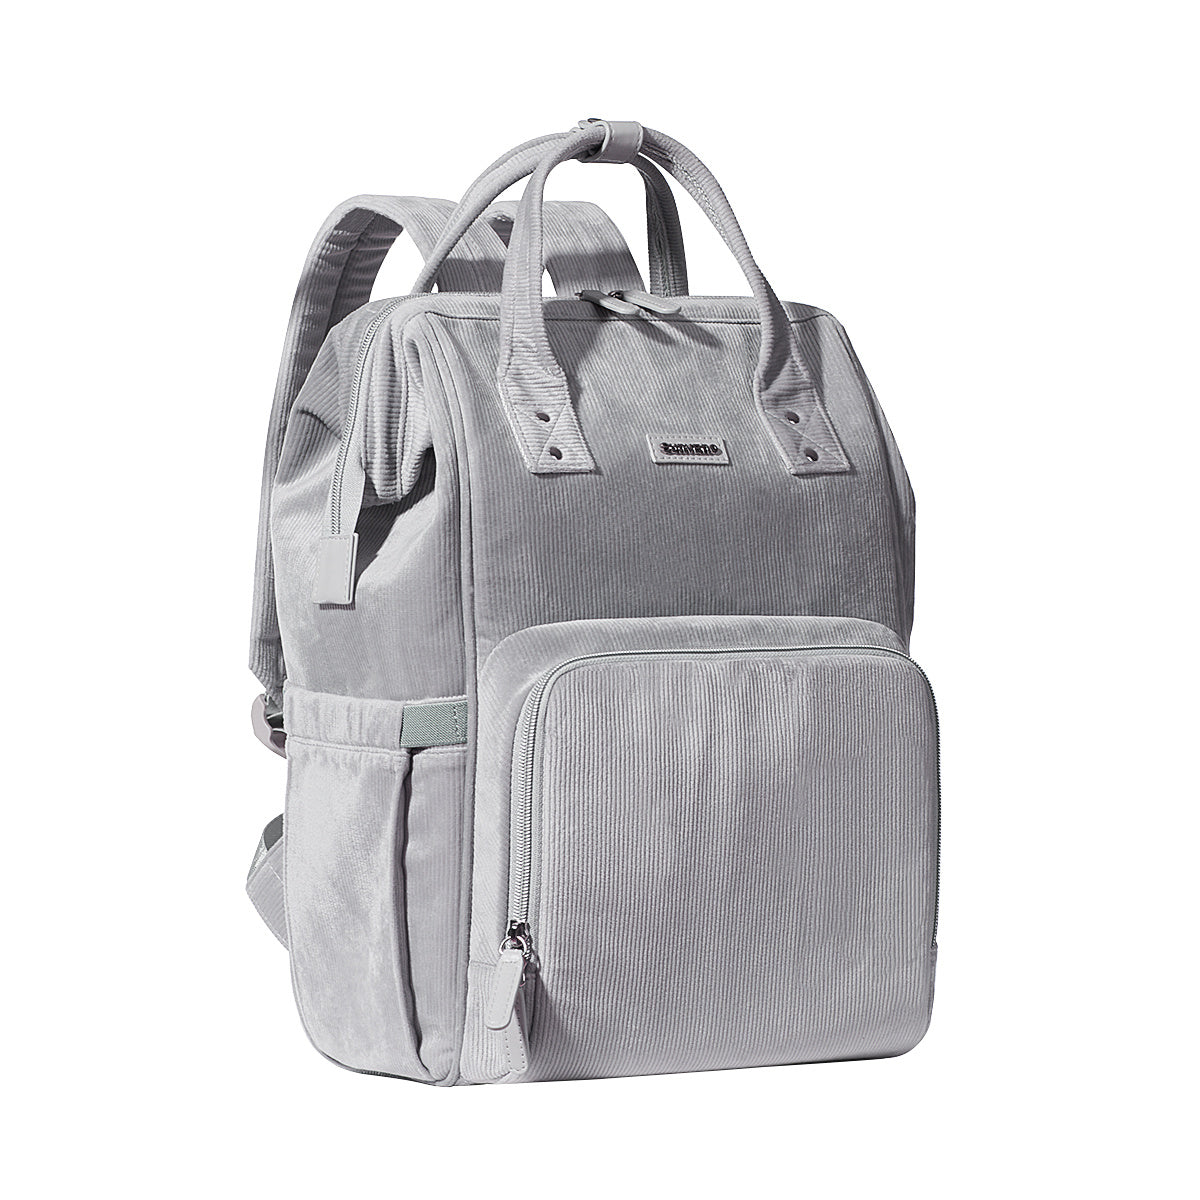 A gray SUNVENO Velvet Stitching Diaper Bag Backpack Large Capacity Tote Shoulder Nappy Bag Organizer for Baby Care with Insulated Pockets, Waterproof Fabric with dual top handles, padded shoulder straps, a front zippered pocket, and side pockets. The bag has a rectangular shape with a textured fabric finish and multi-pockets large capacity, making it perfect as a travel mom bag or diaper backpack.
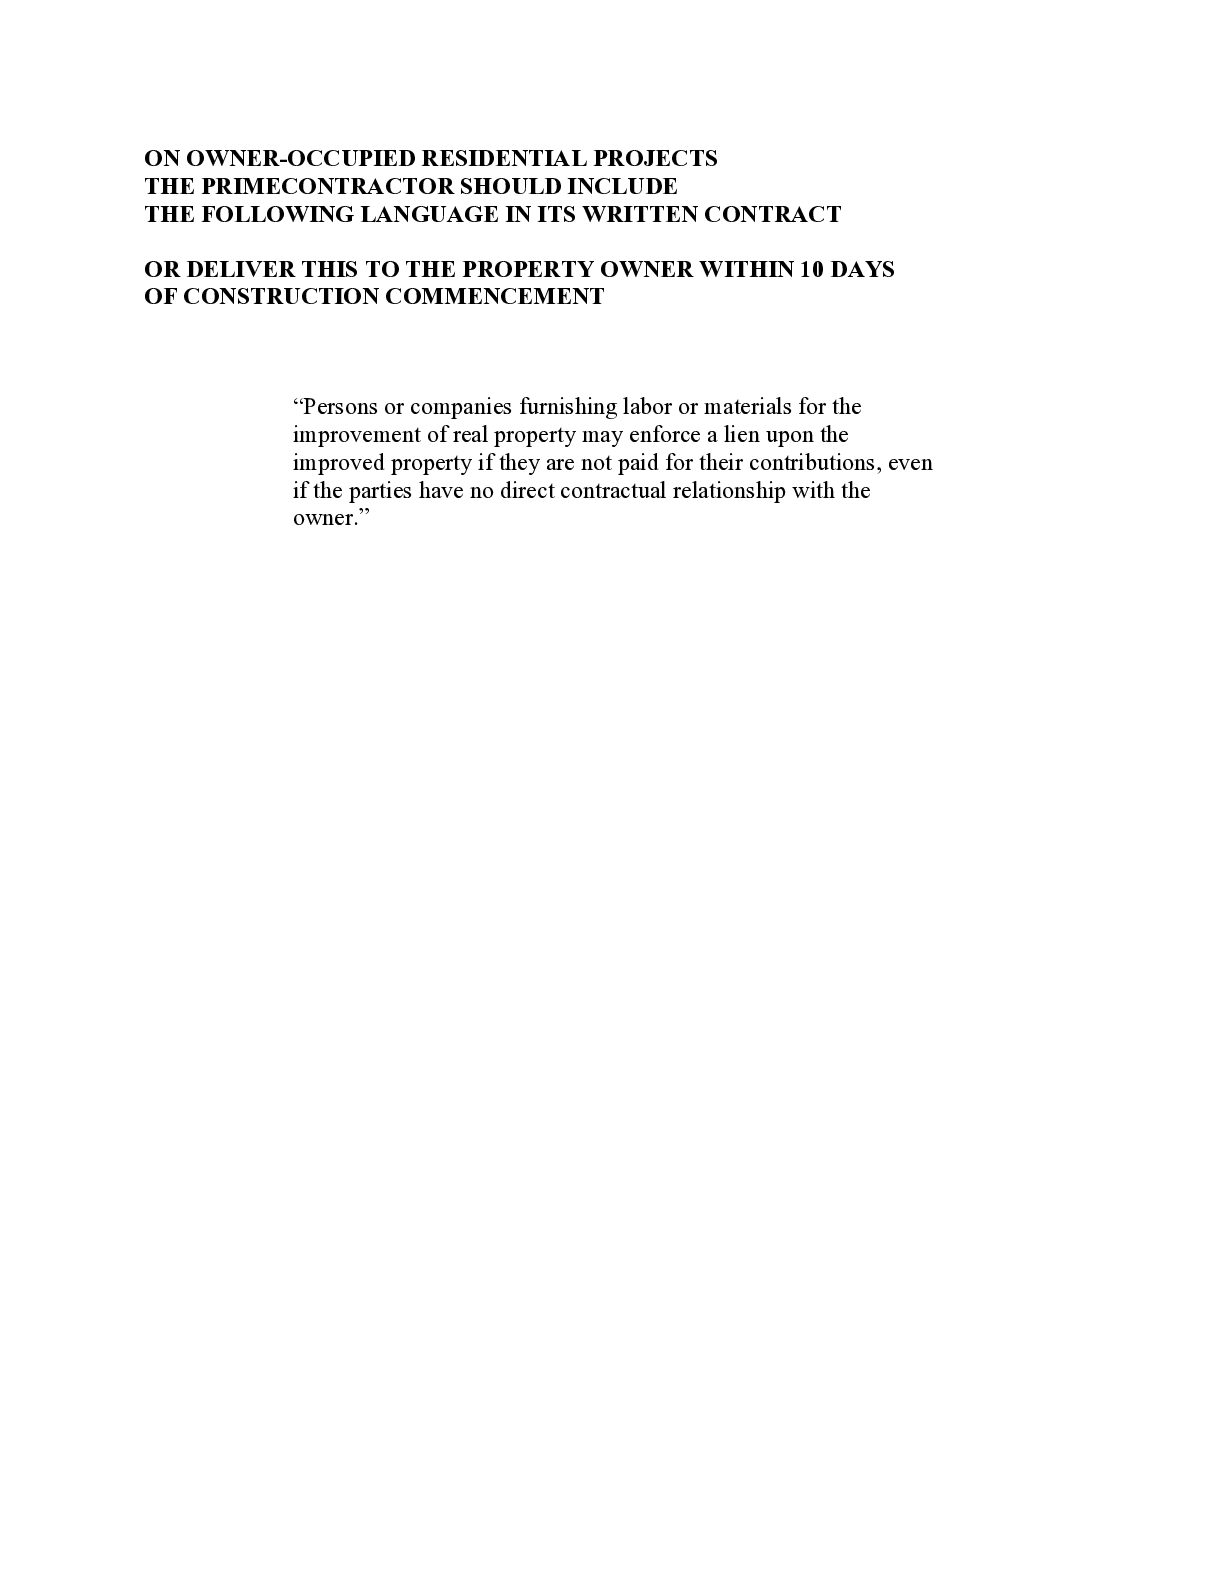 Iowa Prime Contractor Notice to Owner Form
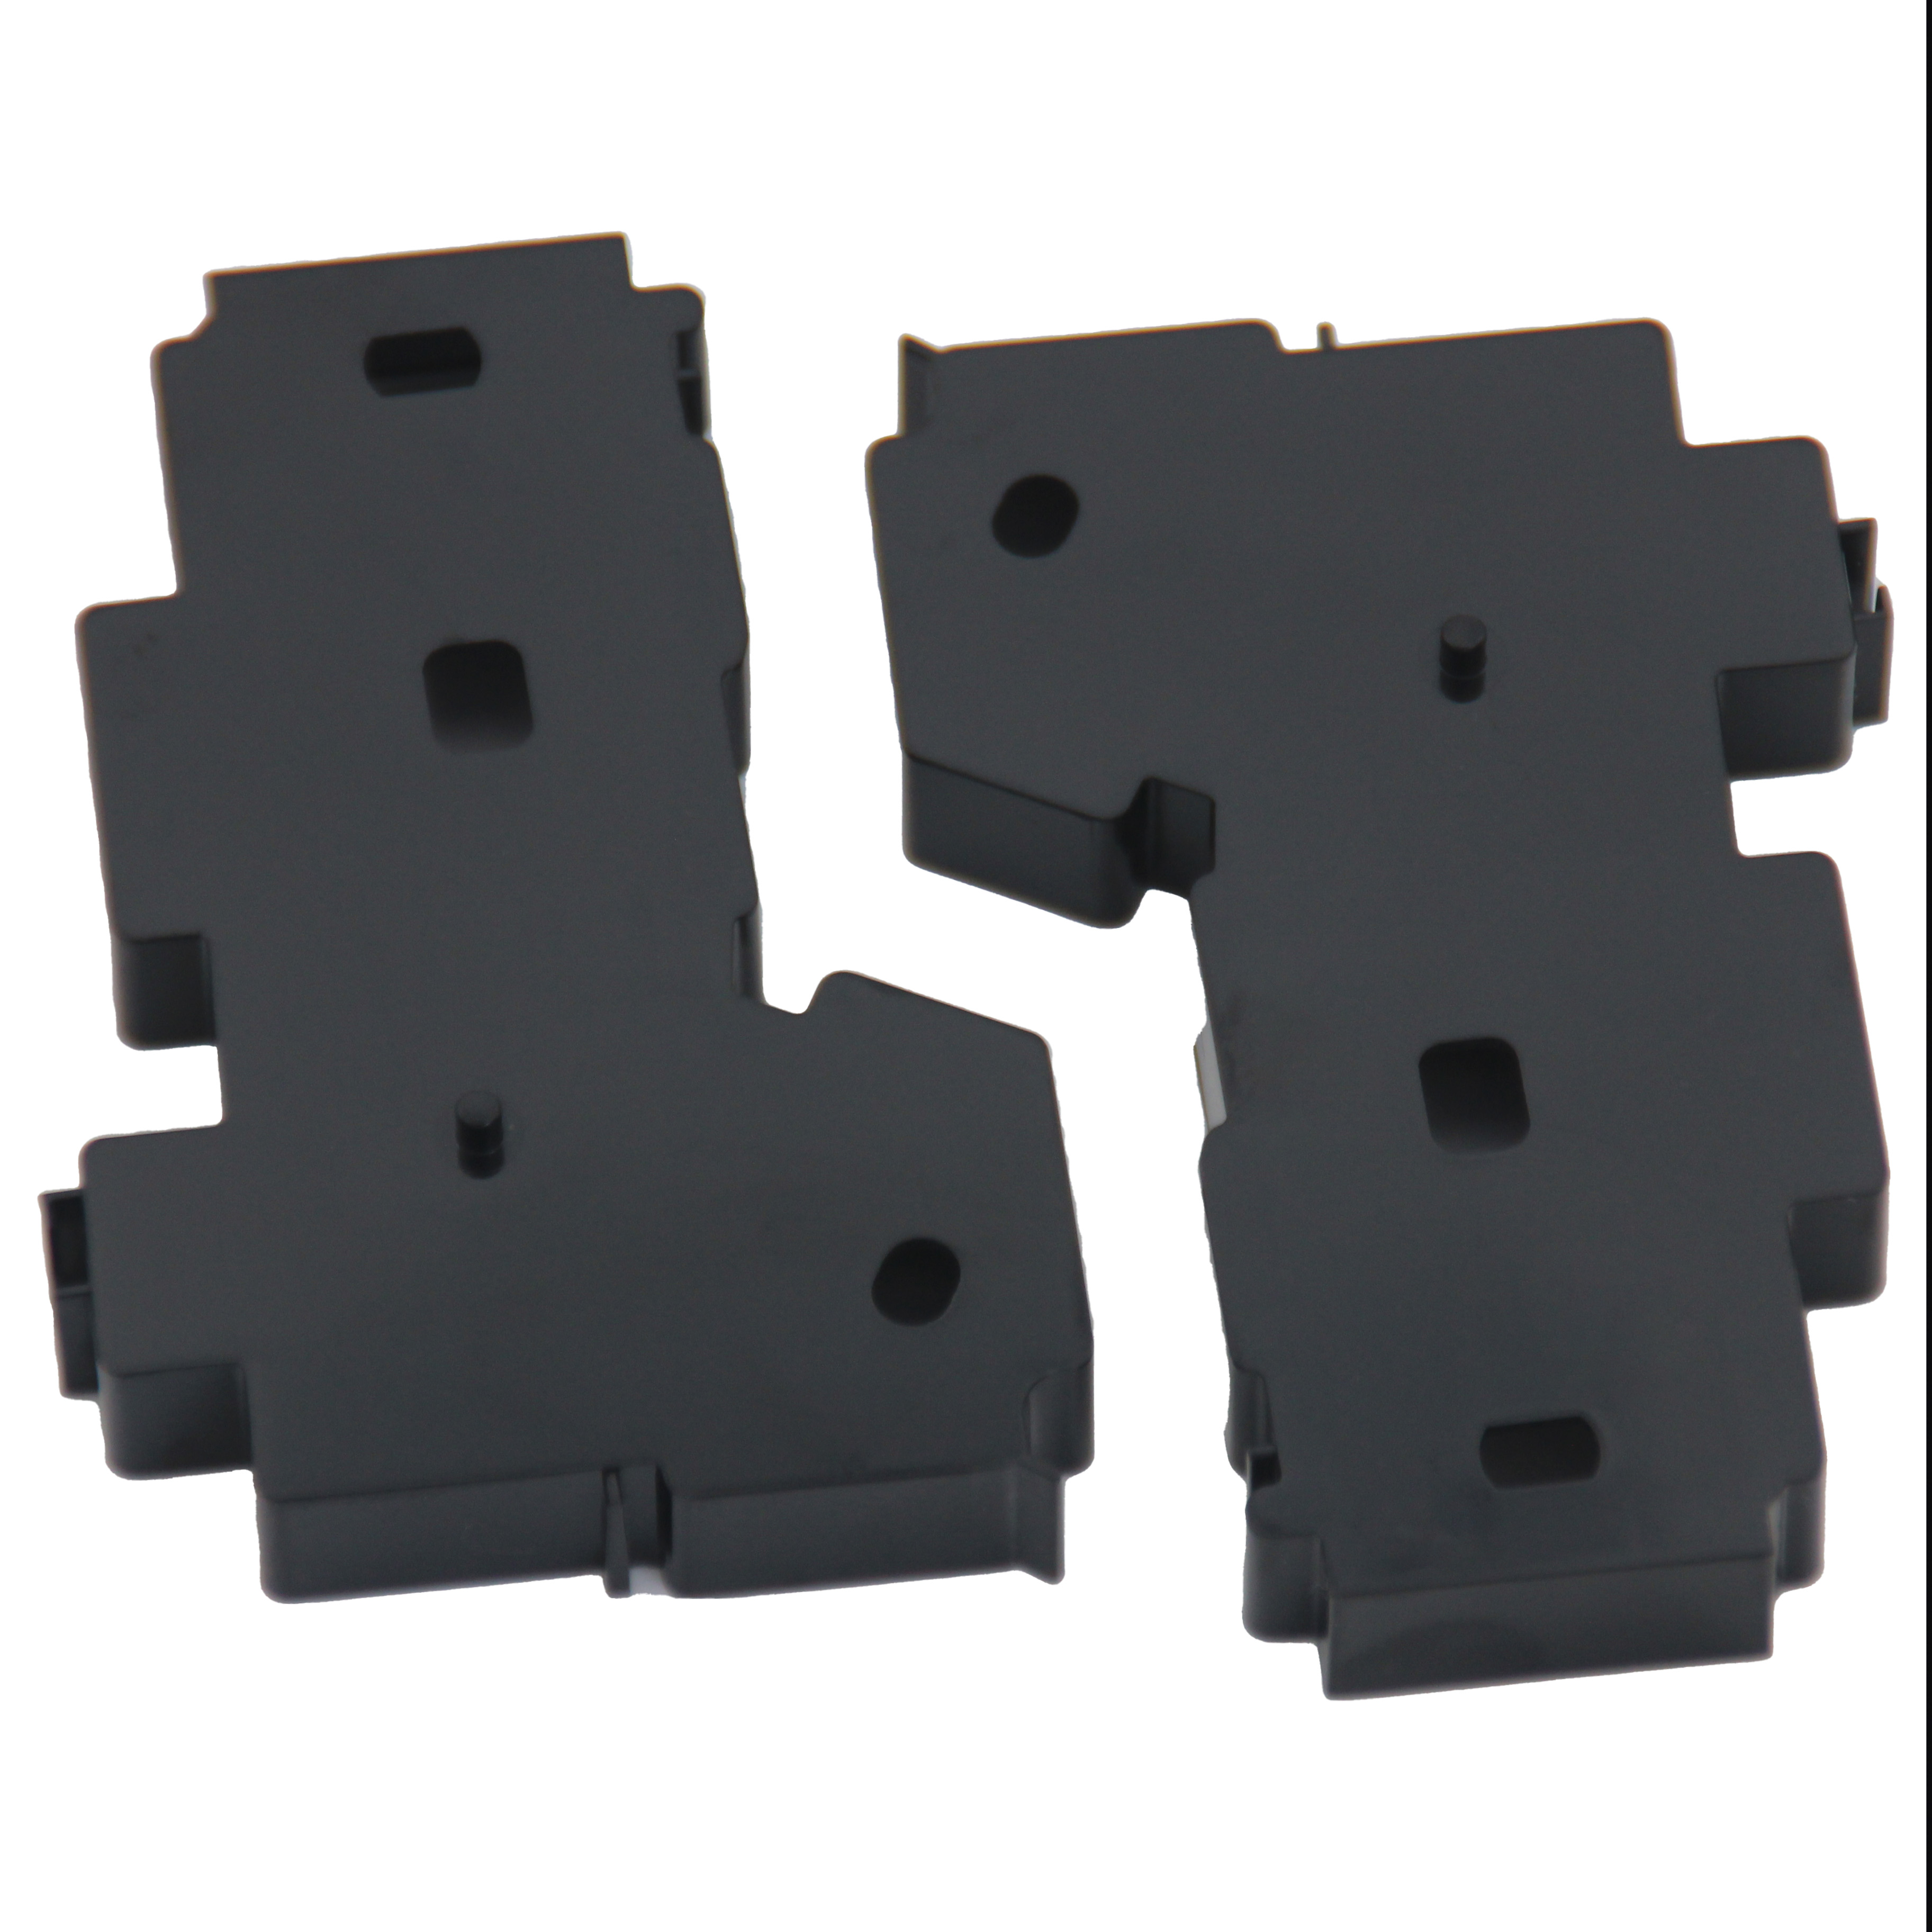 OEM Custom Injection Molding of PC+ABS Material for Automotive Electronic Product Plastic Parts – Bracket GDD6354

◇ ◇ ◇ ◇ ◇ ◇ ◇

Requirement
Take the listing above and print it exactly, apart from the pictures.

Solution for this problem
 A gray SUNVENO Velvet Stitching Diaper Bag Backpack Large Capacity Tote Shoulder Nappy Bag Organizer for Baby Care with Insulated Pockets, Waterproof Fabric with dual top handles, padded shoulder straps, a front zippered pocket, and side pockets. The bag has a rectangular shape with a textured fabric finish and multi-pockets large capacity, making it perfect as a travel mom bag or diaper backpack.
 Iowa Prime Contractor Notice to Owner Form
 OEM Custom Injection Molding of PC+ABS Material for Automotive Electronic Product Plastic Parts – Bracket GDD6354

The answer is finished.